- [About this exercise]: Write the entries out again exactly; any picture among them gets left out.

- [Material for the task]:
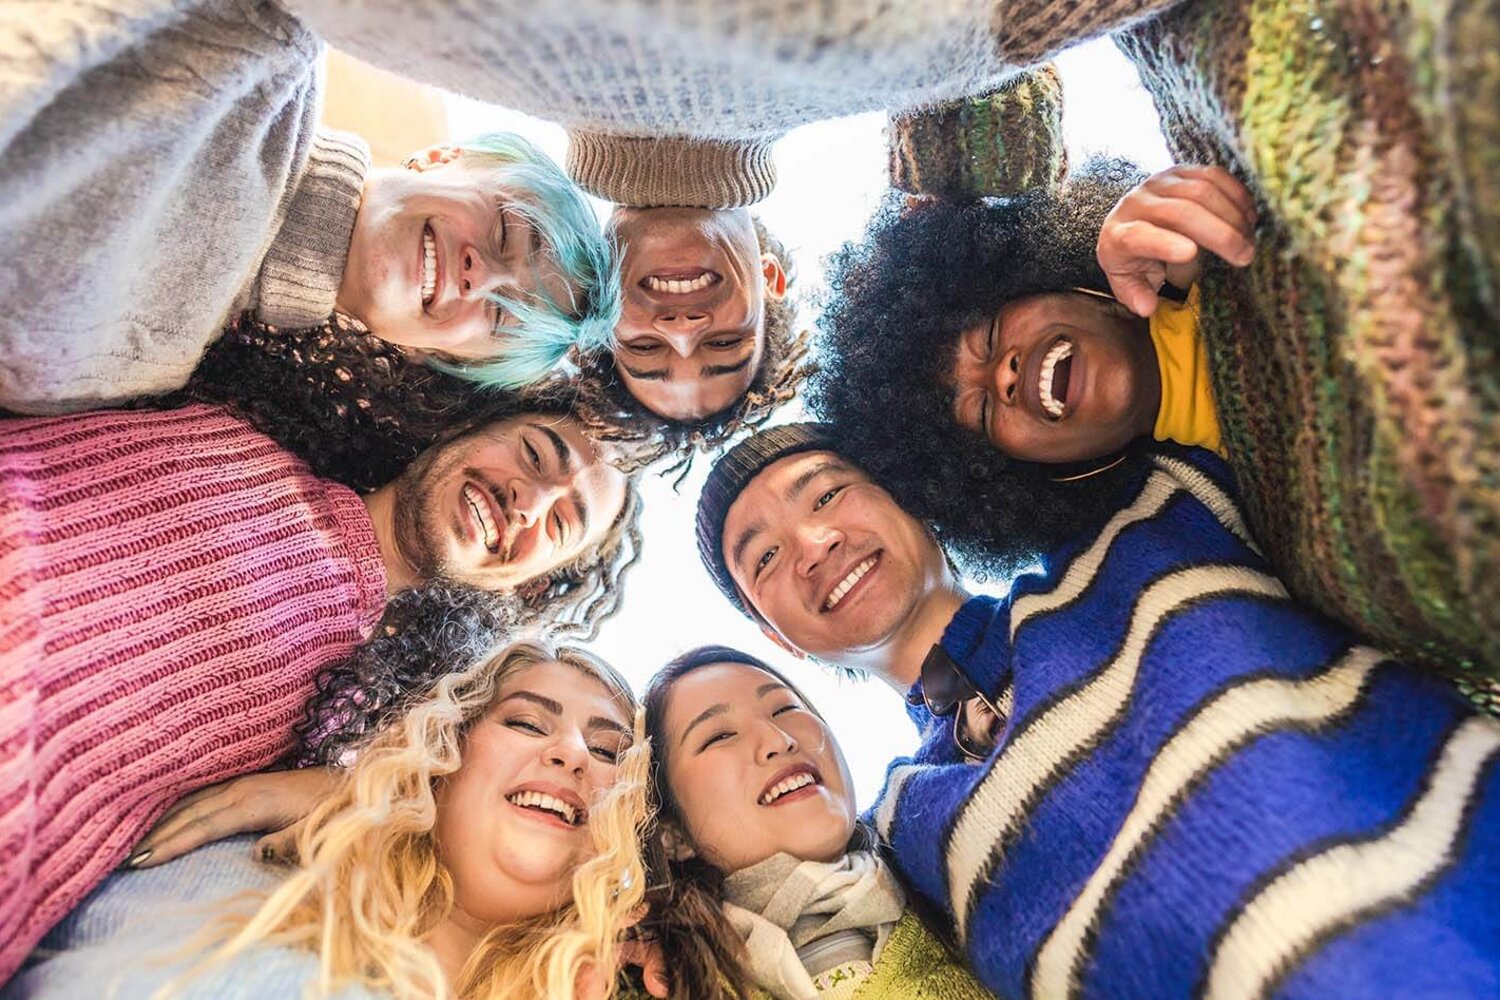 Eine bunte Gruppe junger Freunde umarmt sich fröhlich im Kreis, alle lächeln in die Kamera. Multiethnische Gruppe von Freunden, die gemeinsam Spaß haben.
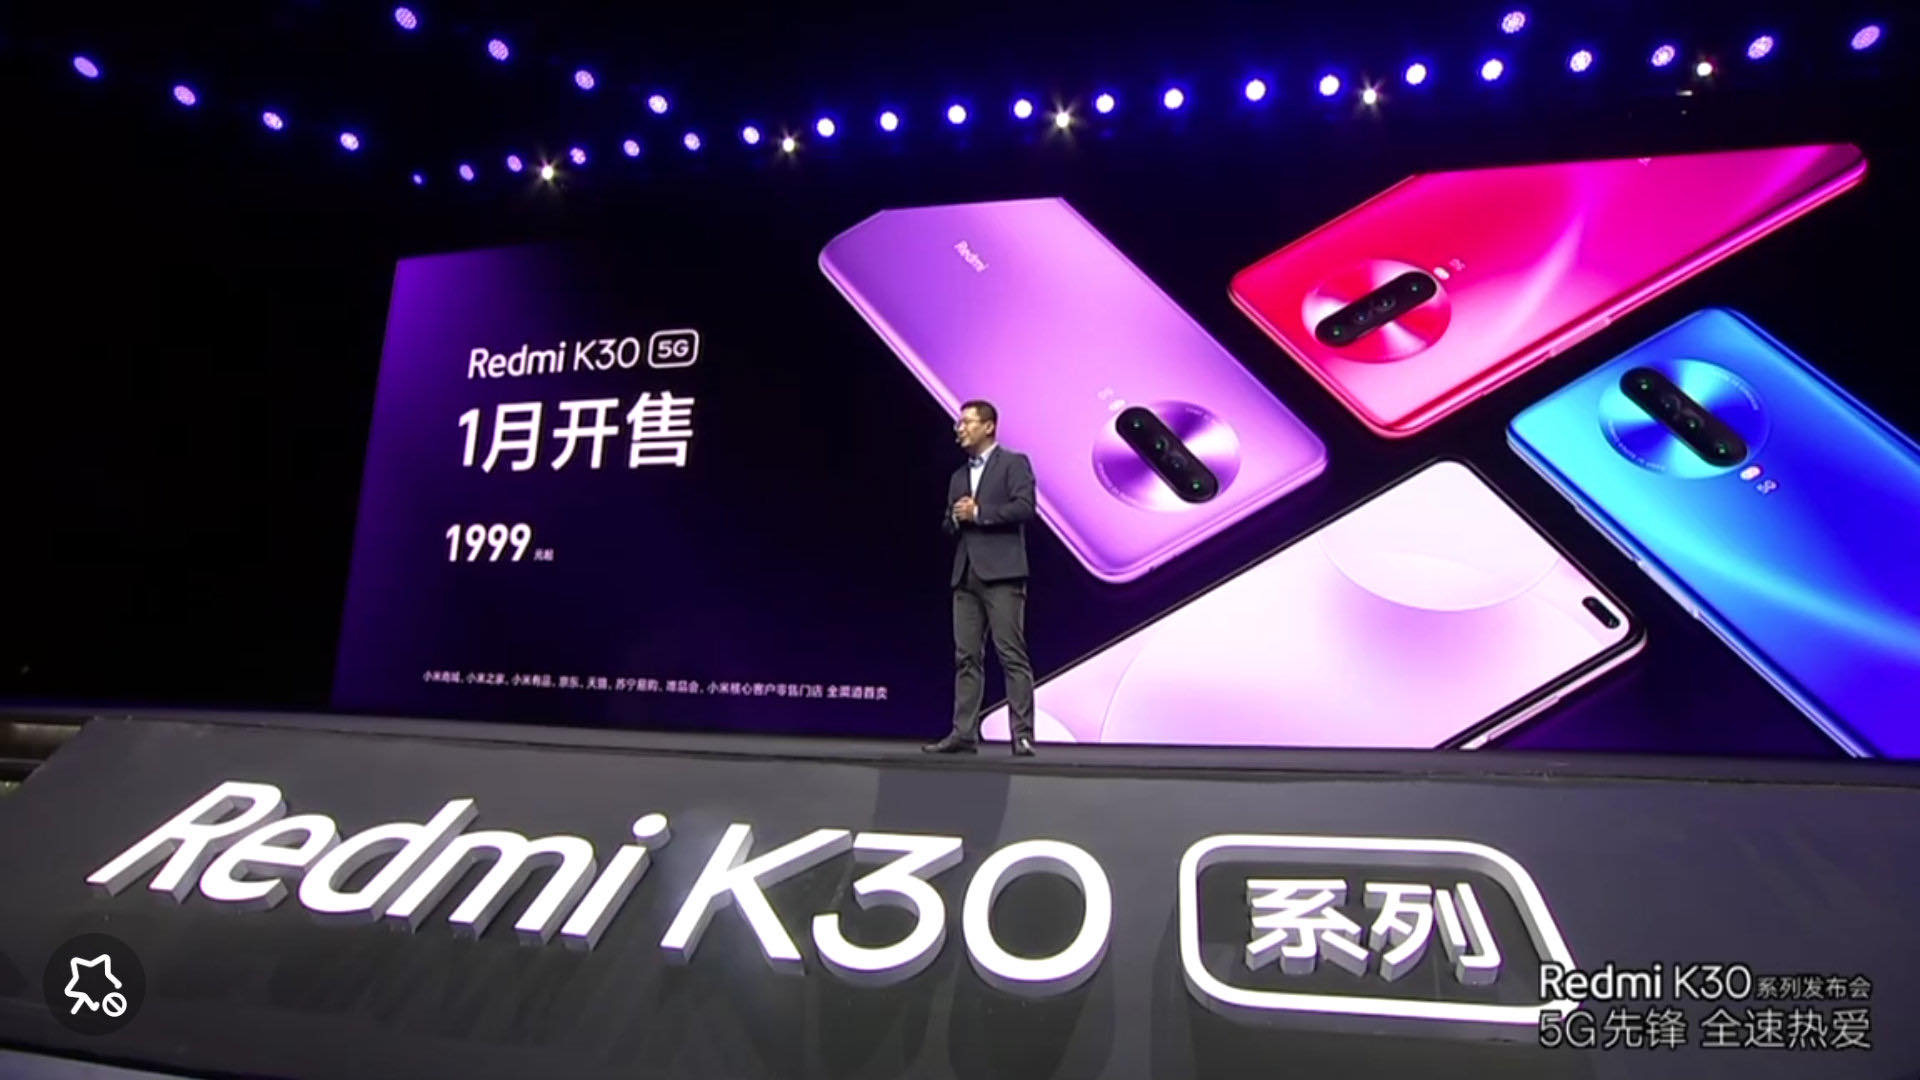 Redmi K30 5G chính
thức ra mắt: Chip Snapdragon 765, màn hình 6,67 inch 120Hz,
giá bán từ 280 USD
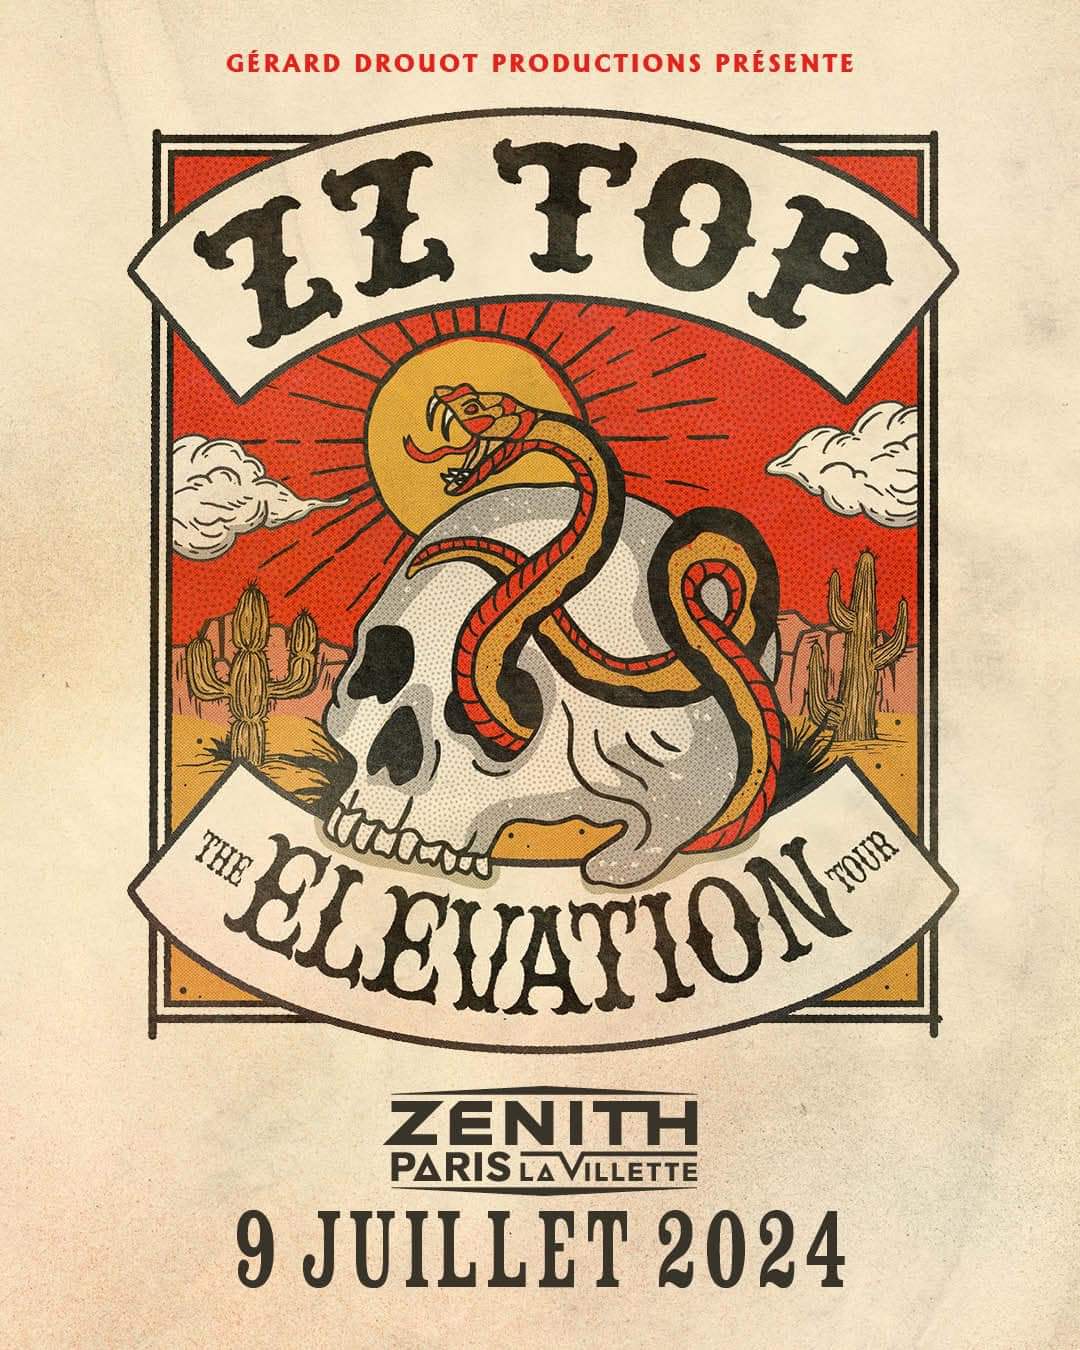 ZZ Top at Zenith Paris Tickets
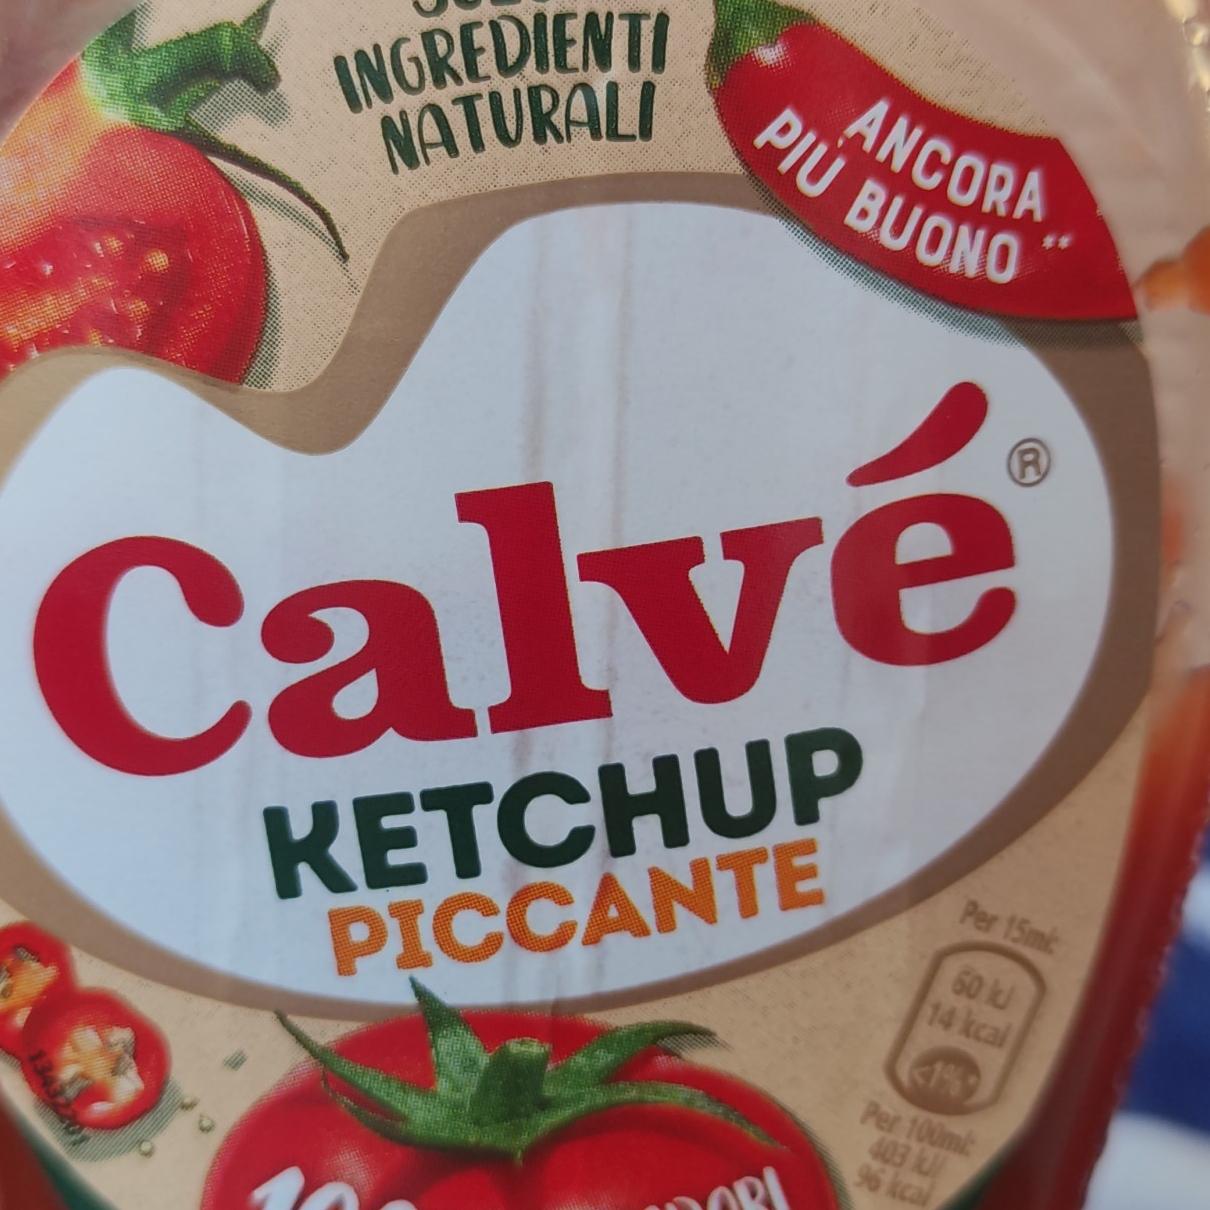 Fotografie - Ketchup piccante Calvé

- [Solution below]:
 Eine bunte Gruppe junger Freunde umarmt sich fröhlich im Kreis, alle lächeln in die Kamera. Multiethnische Gruppe von Freunden, die gemeinsam Spaß haben.
 Redmi K30 5G chính
thức ra mắt: Chip Snapdragon 765, màn hình 6,67 inch 120Hz,
giá bán từ 280 USD
 ZZ Top at Zenith Paris Tickets
 Fotografie - Ketchup piccante Calvé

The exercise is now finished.